In a new study, researchers found that some antivirals can not only help sick people get better but can also prevent hundreds of thousands of virus cases if people get them in the early stages of infection.
The research was conducted by a team at UT Austin and elsewhere.
The study focused on influenza but also has implications for the coronavirus that causes COVID-19.
By modeling the impact of a pair of leading flu drugs, the team found significant differences in effects between oseltamivir, an older antiviral treatment for flu that patients know by the name Tamiflu, and a newer one, baloxavir, sold under the brand name Xofluza.
The researchers found that the newer treatment—by effectively and rapidly stopping virus replication—dramatically reduced the length of time that an infected person is contagious and, therefore, better limited the spread of flu.
The team says treating even 10% of infected patients with baloxavir shortly after the onset of their symptoms can indirectly prevent millions of infections and save thousands of lives during a typical influenza season.
The researchers concluded that having a similarly effective antiviral treatment for the coronavirus would help to prevent thousands of infections and deaths.
Creating such an antiviral would take time and new strategies in public health planning, but the benefits for patients, communities, and health care settings could be profound.
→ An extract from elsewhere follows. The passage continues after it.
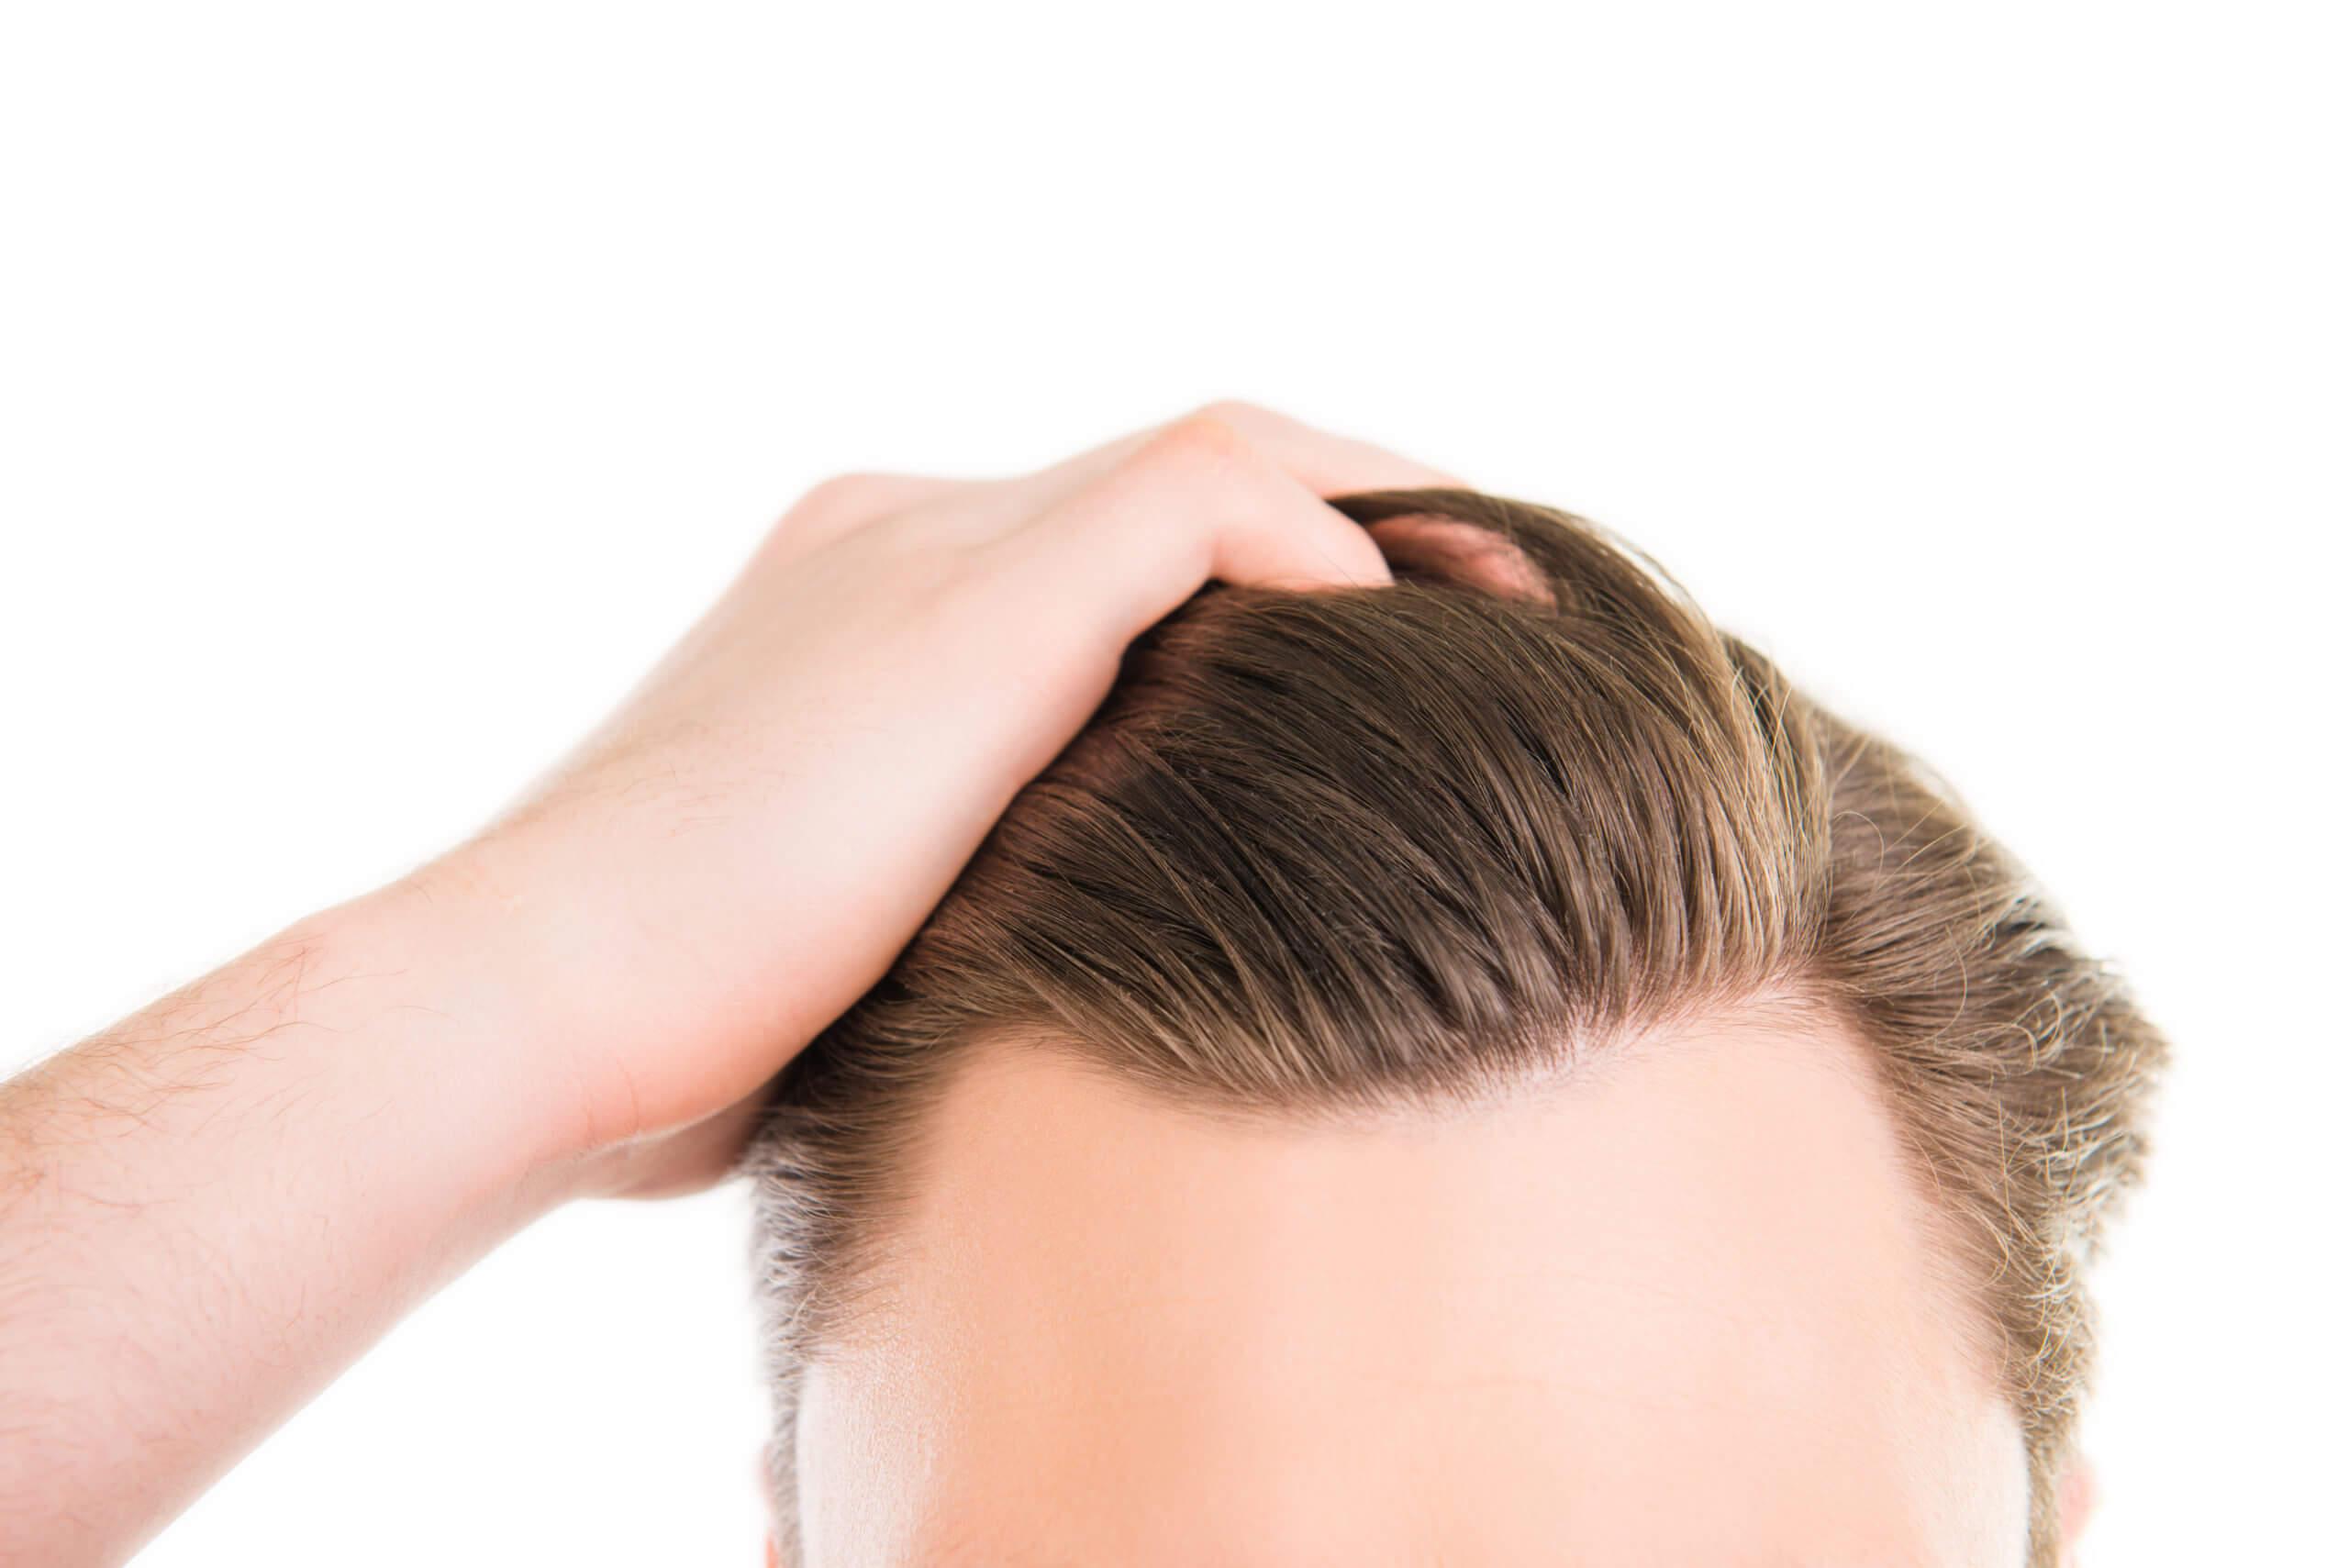 Quand l'œdème passe-t-il après la greffe de cheveux - Zty Health Istanbul

The team says if a drug quashes viral load within a day and thus radically shortens the contagious period, then researchers could isolate COVID-19 cases pharmaceutically rather than physically and disrupt chains of transmission.
To date, most COVID-19 drug research efforts have prioritized existing antivirals that can be deployed quickly to treat the most seriously ill patients coping with life-threatening symptoms.
The scientists acknowledge it would represent a shift to develop a new antiviral for the coronavirus, to be used early in infection with the aim of curtailing viral replication, just as baloxavir does for flu.
The lead author of the study is Robert Krug, a professor emeritus of molecular biosciences.
The study is published in Nature Communications.